Streaming LLM Responses in Python: The Complete Guide
Server-sent events, async generators, error handling, and UI integration — everything you need to stream LLM responses to your users in real time.
Author
AICredits Team
Published
5 Apr 2026
Reading time
8 min read
Why streaming matters for user experience
A non-streaming LLM call makes the user wait silently for the entire response before seeing any text — which can be 5–30 seconds for long outputs. Streaming starts delivering text within 300–500ms of the request. The perceived latency drops from "waiting forever" to "I can see it working".
Streaming is now expected behaviour in any conversational AI interface.

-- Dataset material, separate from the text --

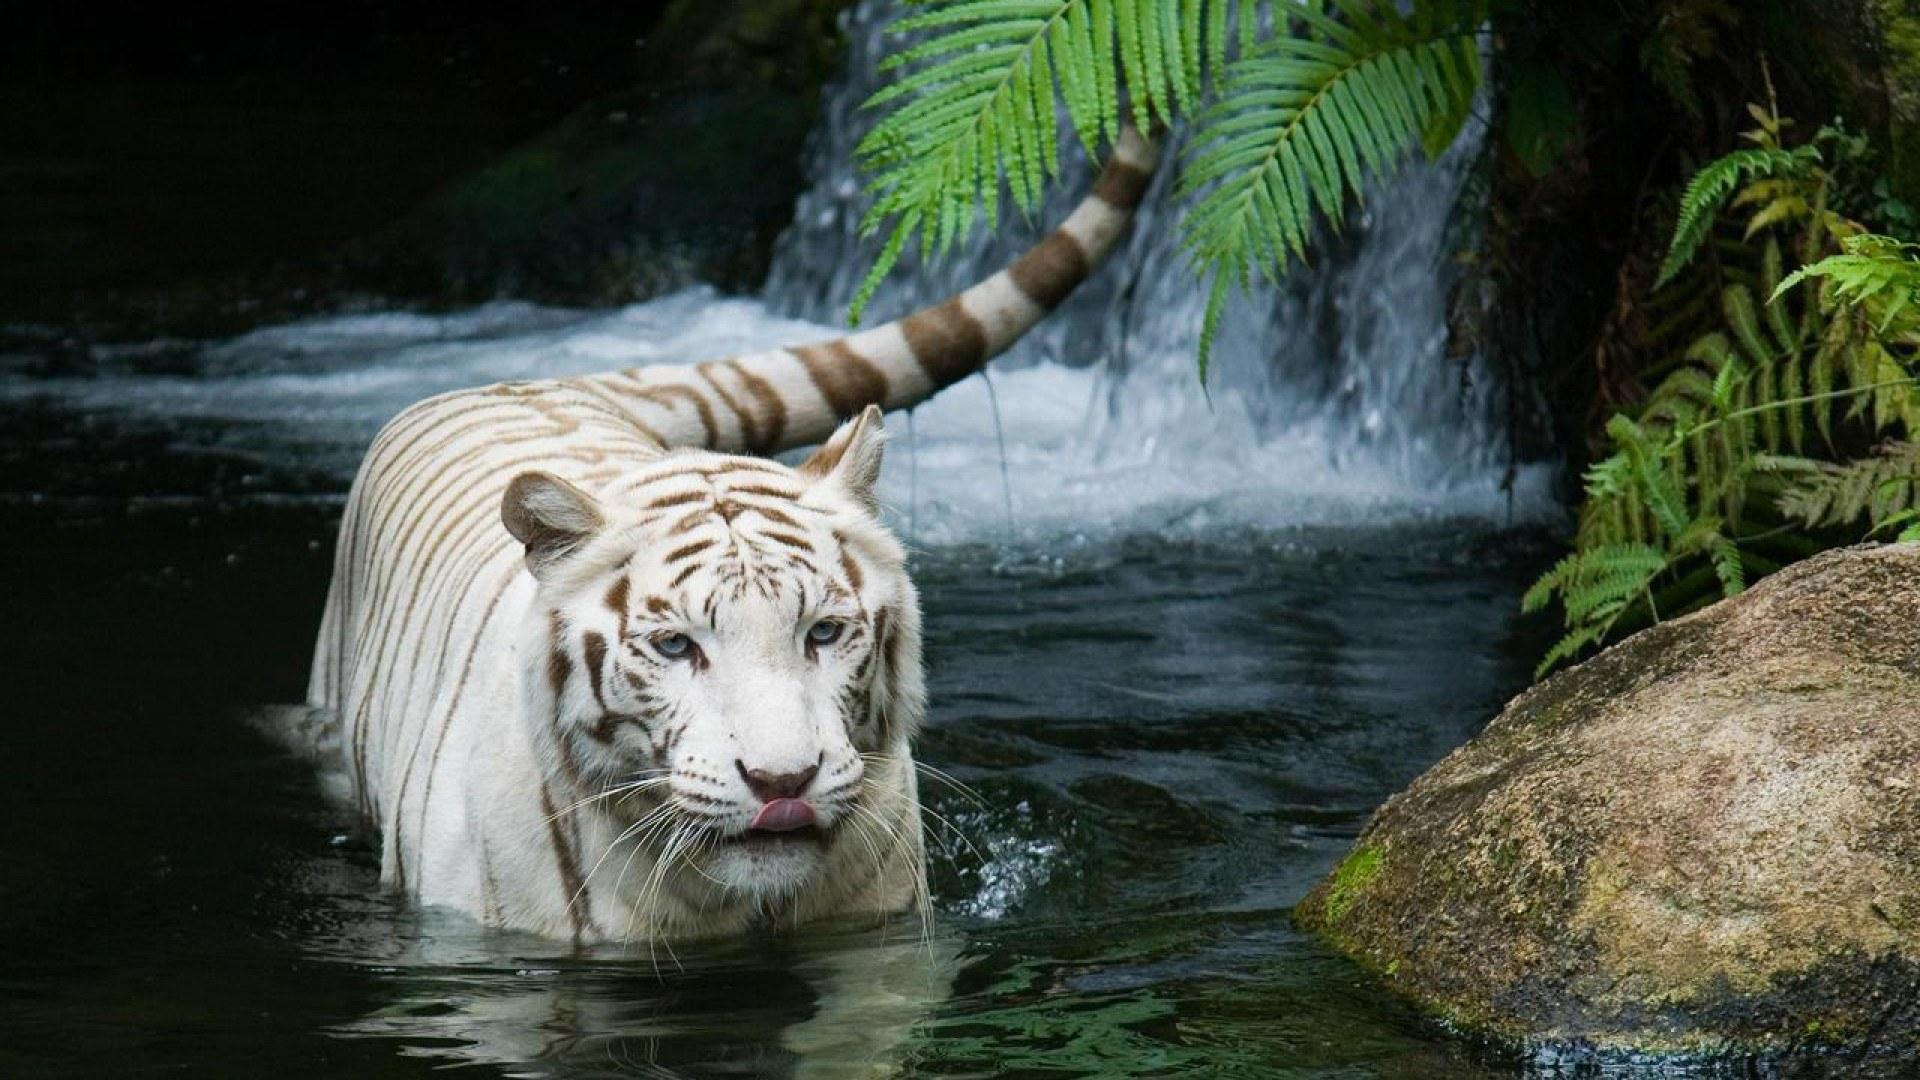 White Tiger Wallpaper HD 1920x1080 Wallpaper 1080p 1920x1080
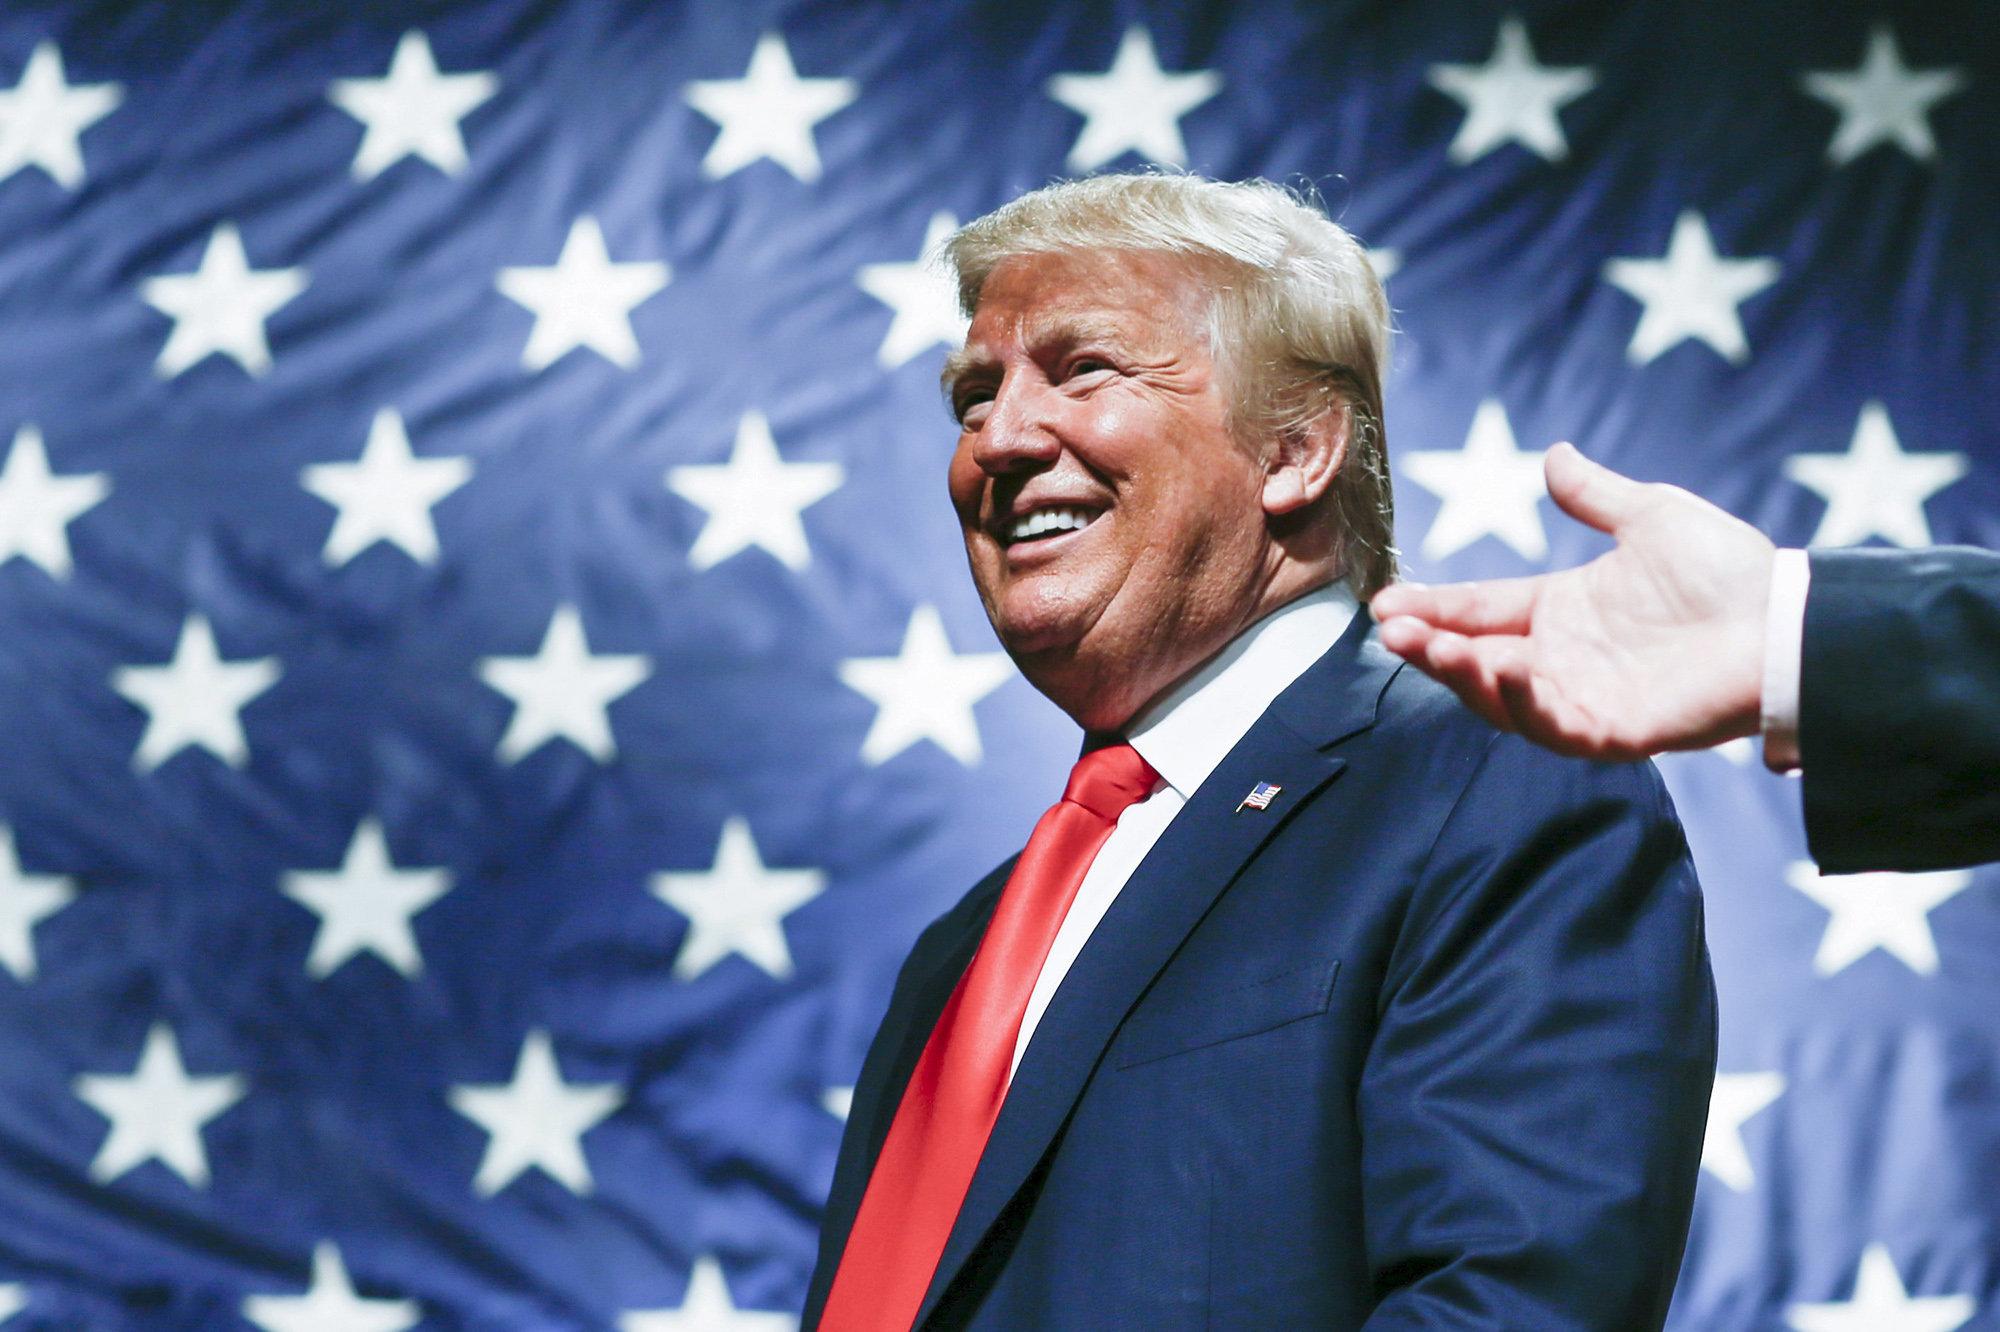 Что означает победа Трампа и Клинтон на праймериз в Нью-Йорке?

Basic streaming with the OpenAI Python SDK
from openai import OpenAI
client = OpenAI(
base_url="https://api.aicredits.in/v1",
api_key="sk-your-aicredits-key",
)
stream = client.chat.completions.create(
model="openai/gpt-4o-mini",
stream=True,
messages=[{"role": "user", "content": "Explain how JWT tokens work in 3 sentences."}],
)
full_response = ""
for chunk in stream:
delta = chunk.choices[0].delta.content
if delta:
print(delta, end="", flush=True) # tokens appear as they arrive
full_response += delta
print() # newline after stream endsAsync streaming for FastAPI backends
For web backends, use AsyncOpenAI and return a StreamingResponse:
from fastapi import FastAPI
from fastapi.responses import StreamingResponse
from openai import AsyncOpenAI
app = FastAPI()
client = AsyncOpenAI(
base_url="https://api.aicredits.in/v1",
api_key="sk-your-aicredits-key",
)
@app.get("/chat")
async def chat(prompt: str):
async def generate():
stream = await client.chat.completions.create(
model="openai/gpt-4o-mini",
stream=True,
messages=[{"role": "user", "content": prompt}],
)
async for chunk in stream:
delta = chunk.choices[0].delta.content
if delta:
yield f"data: {delta}\n\n"
yield "data: [DONE]\n\n"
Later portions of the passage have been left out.